Cosa c’è di male? Fin qui niente, anzi, è un’ottima notizia per gli investitori. Le commissioni da pagare, infatti, sono l’unica vera certezza che si ha ex-ante. Inoltre, Morningstar mette da sempre in guardia sull’erosione dei rendimenti nel lungo termine causata da costi eccessivi. Tuttavia, occorre fare un passo in più.

Attenzione agli specchietti per le allodole
“La guerra dei prezzi tra gli emittenti di Etf è un po’ come il sottocosto dei supermercati, spesso le minori commissioni vengono usate dalle società di gestione per attirare l’investitore/consumatore con l’intenzione in un secondo momento di spingere una serie di prodotti d’investimento più cari”, commenta Roger Wohlner, consulente finanziario indipendente, in una nota per Morningstar.

“Il fatto che un Etf abbia delle commissioni molto basse non è da sola una buona ragione per acquistarlo”, prosegue Wohlner. “La cosa più importante quando si include un Etf nel proprio portafoglio è comprendere cosa si sta comprando, soprattutto considerando che ogni giorno vengono emessi nuovi prodotti che replicano indici sempre più complessi”. Un recente studio di Vanguard ha dimostrato che negli Stati Uniti i circa 1.400 Etf quotati replicano oltre mille benchmark diversi, e più della metà di questi indici hanno meno di sei mesi di vita.

Quello che conta è la pianificazione
“Cosa vuol dire davvero risparmiare?”, si chiede il consulente. “Dubito che vendere un prodotto che costa lo 0,14% l’anno e sostituirlo con un altro che chiede lo 0,12% faccia davvero la differenza, anche alla luce dei costi di transazione. Occorre dare il giusto peso ai vari aspetti: dovrebbe essere il proprio piano finanziario a lungo termine, il livello di rischio che si vuole assumere, la strategia d’investimento a guidare la scelta di un Etf o di un altro prodotto, non delle commissioni leggermente più basse”. Insomma, è meglio riflettere bene prima di sostituire un replicante liquido, trasparente, magari che assume meno rischi a livello di prestito titoli o di controparte, con un altro prodotto solo perché costa qualche punto base in meno.

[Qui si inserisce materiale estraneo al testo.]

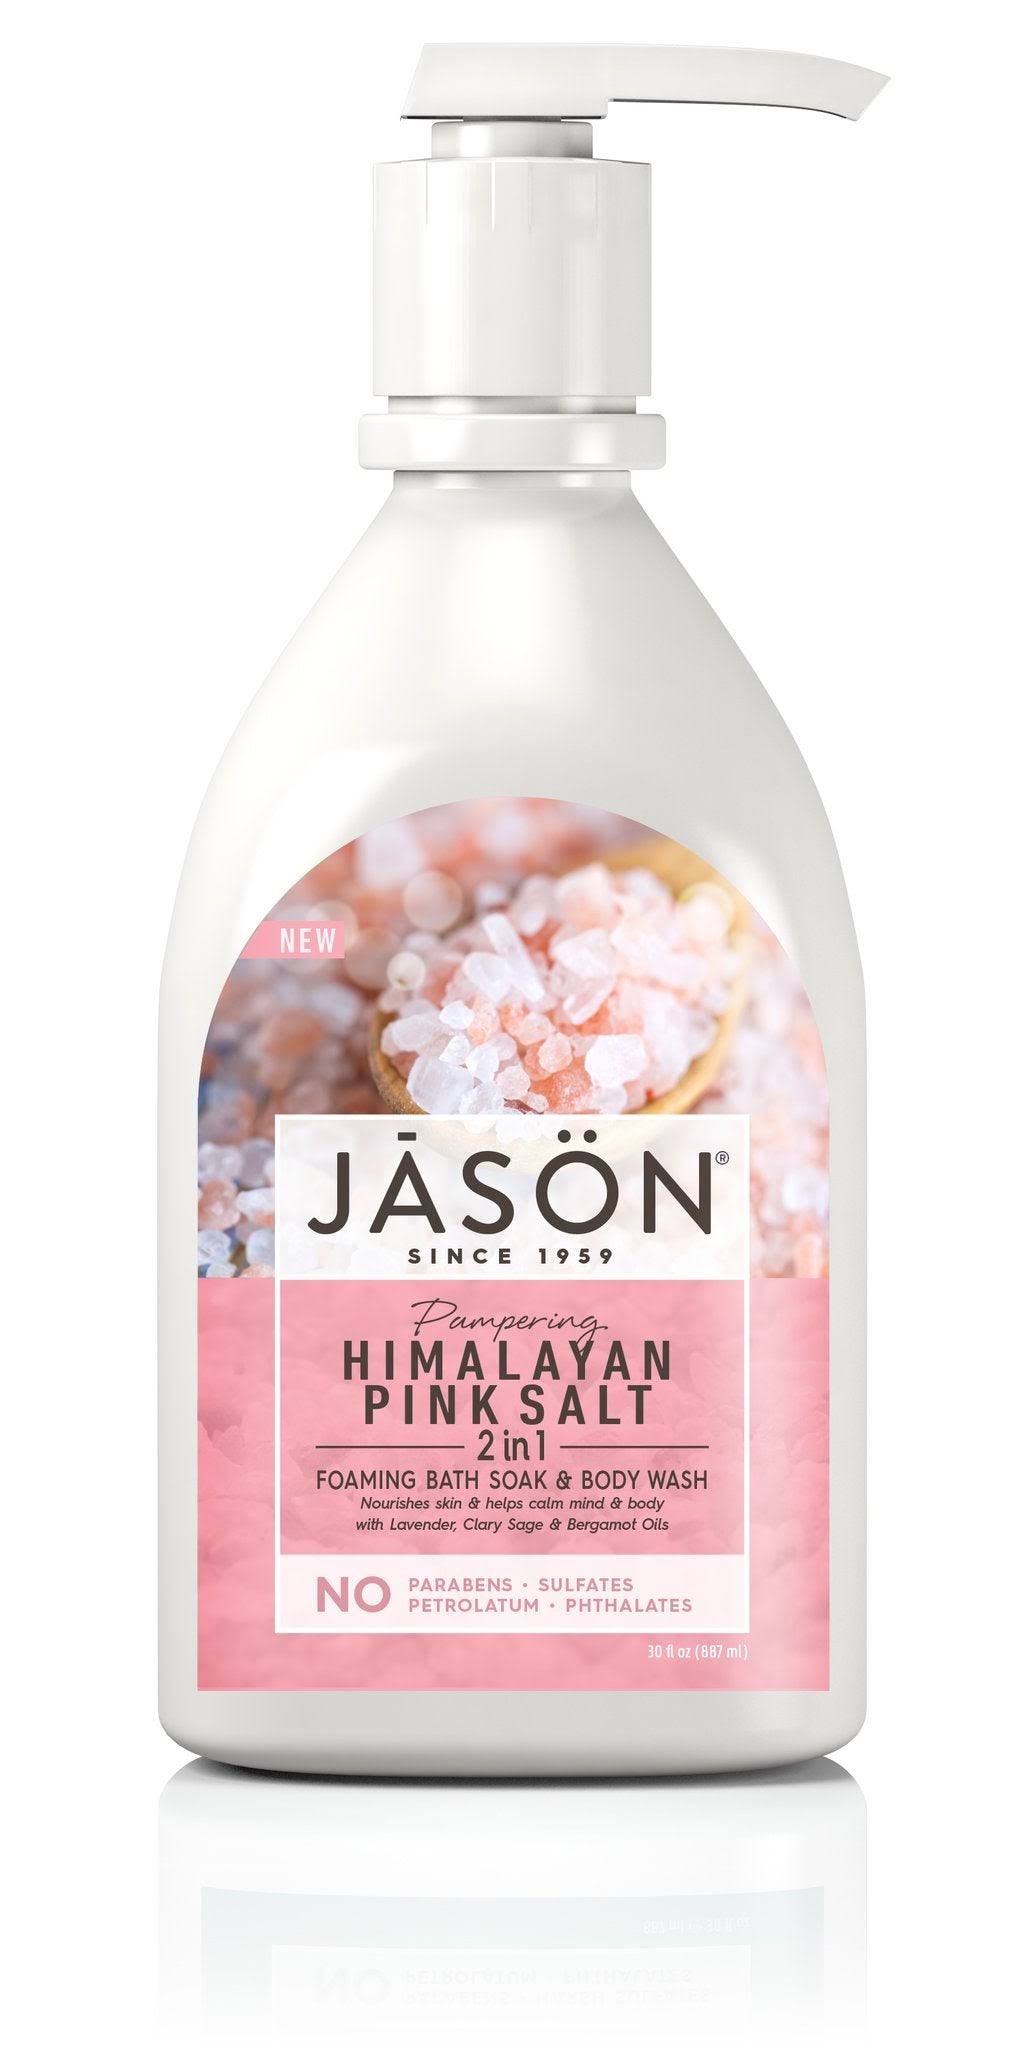 Jason Himalayan Pink Salt Body Wash - 30oz

In più, è sempre bene ricordare che il Ter (Total expense ratio) non prende in considerazione tutte le voci di costo reali, anzi lascia fuori alcuni importanti aspetti, come lo spread bid-ask e i costi di negoziazione (clicca qui e qui, per approfondire).

Le informazioni contenute in questo articolo sono esclusivamente a fini educativi e informativi. Non hanno l’obiettivo, né possono essere considerate un invito o incentivo a comprare o vendere un titolo o uno strumento finanziario. Non possono, inoltre, essere viste come una comunicazione che ha lo scopo di persuadere o incitare il lettore a comprare o vendere i titoli citati. I commenti forniti sono l’opinione dell’autore e non devono essere considerati delle raccomandazioni personalizzate. Le informazioni contenute nell’articolo non devono essere utilizzate come la sola fonte per prendere decisioni di investimento.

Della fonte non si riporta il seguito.